A Asos, uma das maiores lojas online de moda e beleza do mundo, atualizou sua política de bem estar animal decretando o fim do uso de diversas matérias-primas como seda, penas e plumas, lã mohair e cashmere em todos os produtos comercializados em seu e-commerce até o fim de 2019.
Depois dos anúncios de grandes marcas e e-commerces de luxo como Gucci e Net-À-Porter dando adeus à pele, e diversas marcas, como a Zara, tirando o Angora da sua cadeia produtiva, a inglesa vai mais longe ao banir matérias-primas ainda amplamentes utilizadas pela moda. A nova política, mais ampla e condizente com os tempos atuais, também não permite a comercialização de matérias-primas como chifres, conchas, dentes, ossos e pérolas.

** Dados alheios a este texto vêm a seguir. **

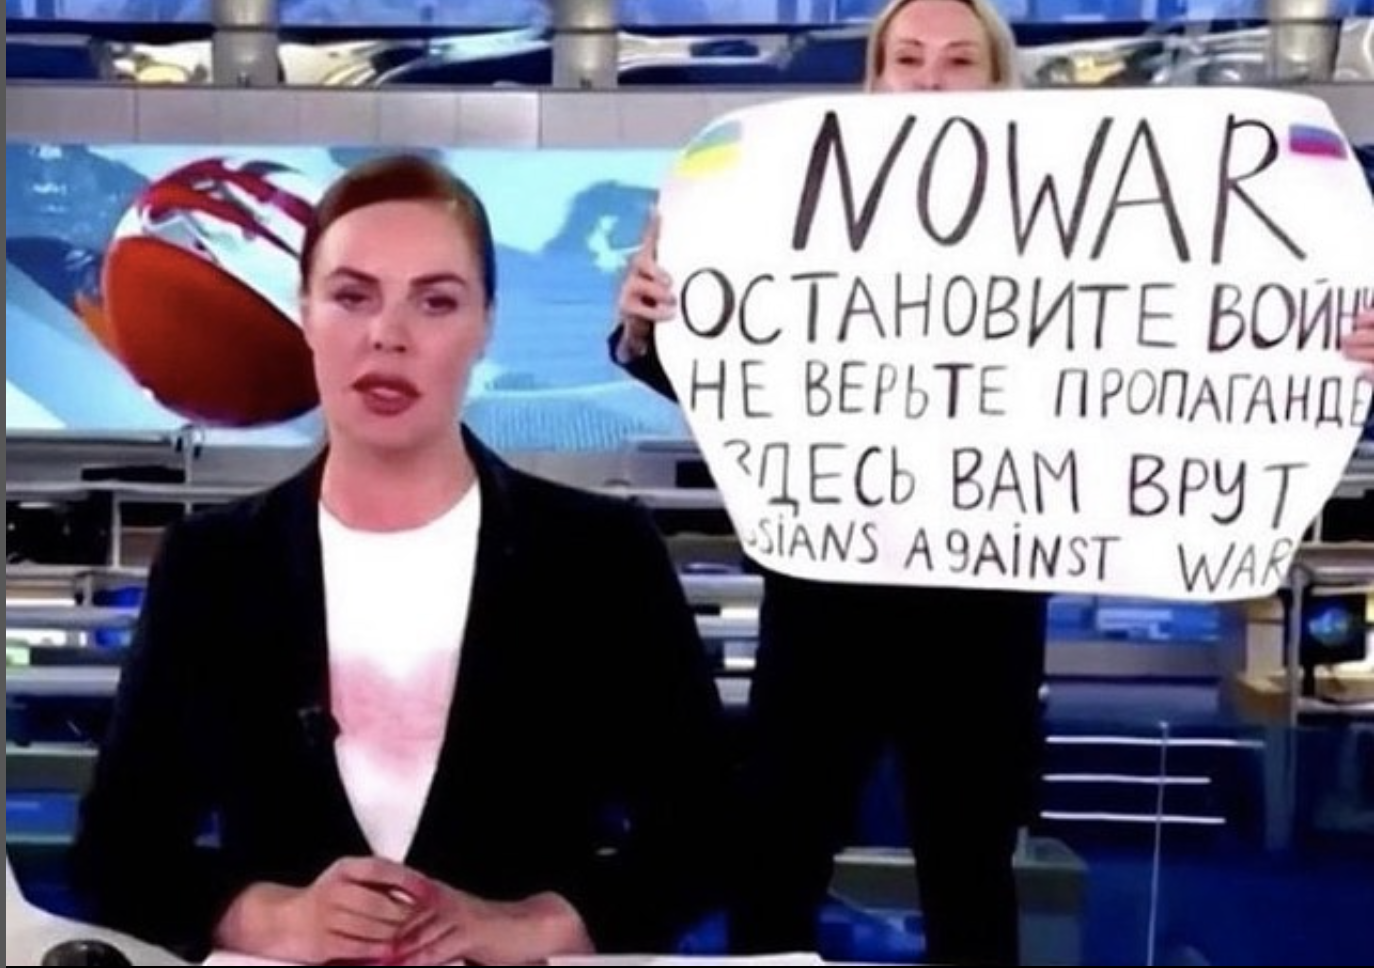 Russia, la giornalista 'no war'  Marina Ovsyannikova fuggita dai domiciliari

Couros considerados exóticos como de crocodilo, píton e avestruz, além de pêlos, incluindo peles de cordeiros da Mongólia e Angora, já não eram comercializados pela empresa.
Certos tipos de couro, lã e outros pêlos de animais considerados subprodutos da indústria de carne podem ser comercializados contanto que atestem fornecedores com boa criação de animais – o que, cá entre nós, sabemos ser praticamente impossível. A política também vai exigir um cuidado redobrado por conta dos compradores da marca para garantir que itens verdadeiros não passem como sintéticos. Porém, a atualização de políticas da Asos mostra como as marcas estão cada vez mais afastando sua imagem do universo da exploração animal.
Matérias-primas de origem animal não são sustentáveis
Outras razões pelas quais marcas estão cada vez mais deixando de usar alguns produtos de origem animal em suas coleções é porque, no fim das contas, essas matérias-primas são 1. difíceis de rastrear e 2. bastante impactantes em termos ambientais. Grupos de luxo, que dependem amplamente dos seus artigos de couro (inclusive os exóticos) como bolsas, carteiras e relógios para continuar nos negócios, estão comprando fazendas de animais para garantir, entre outras coisas, rastreabilidade da matéria-prima. Sem rastreabilidade, as marcas não podem assinar acordos de sustentabilidade e atestar boas práticas na sua cadeia produtiva.
Num universo de fornecedores extremamente descentralizado, com centenas de etapas entre a criação do animal até a pele tratada e pronta para ser utilizada na loja de tecidos, produtos de origem animal estão entre os mais difíceis de serem rastreados. Questione até a marca mais consciente e sustentável que você conhece; mesmo com uma produção enxuta e local, ela jamais saberá com toda a certeza a fazenda de origem do couro que ela usa, por exemplo. Essa pele pode estar (e provavelmente está) linkada com devastação, poluição, crueldade animal e trabalho análogo à escravidão.
Soma-se a isso o fato de que, com uma demanda e pressão crescentes para marcas assinarem acordos de sustentabilidade e acordos globais de menos impacto ambiental, produtos de origem animal são, comprovadamente, mais impactantes que todas as outras matérias-primas e usá-las dificulta o cumprimento dessas promessas. No relatório The Pulse of The Fashion Industry, publicado em 2017 pelo Global Fashion Agenda e a consultoria The Boston Consulting Group, as matérias-primas couro, seda e lã estão entre as 5 mais impactantes ao considerar o início da produção à peça pronta na loja. Sua produção é intensiva em uso de solo, água e químicos, além de estarem diretamente ligadas à eutrofização e contribuição para as mudanças climáticas.
Deixar de ver animais como matéria-prima é um passo importante para sustentabilidade: encontrar, fomentar e desenvolver fibras e tecidos que não dependam da exploração predatória da natureza é o único caminho possível quando o assunto são têxteis.
Um universo de possibilidades para além dos animais (e do plástico)
A ideia, é claro, não é substituir matérias-primas de origem animal por matérias-primas responsáveis por causar impactos na fauna e na flora igualmente devastadores. É por isso que, quando empresas se comprometem a migrar para uma produção sem materiais como seda e lã, é importante o comprometimento também com o uso de matérias-primas, tanto ancestrais quanto tecnológicas, ainda menos impactantes como algodão orgânico ou algodão certificado Better Cotton Iniciative, fibras celulósicas de origem certificada ou soluções inovadoras como o “couro” de laboratório.
É por isso, também, que deixar de ver animais como matéria-prima é um passo importante para sustentabilidade: encontrar, fomentar e desenvolver fibras e tecidos que não dependam da exploração predatória da natureza é o único caminho possível quando o assunto são têxteis. O quanto antes deixarmos essa possibilidade para trás, mais rápido vamos chegar num lugar de harmonia entre a moda e todos os seres.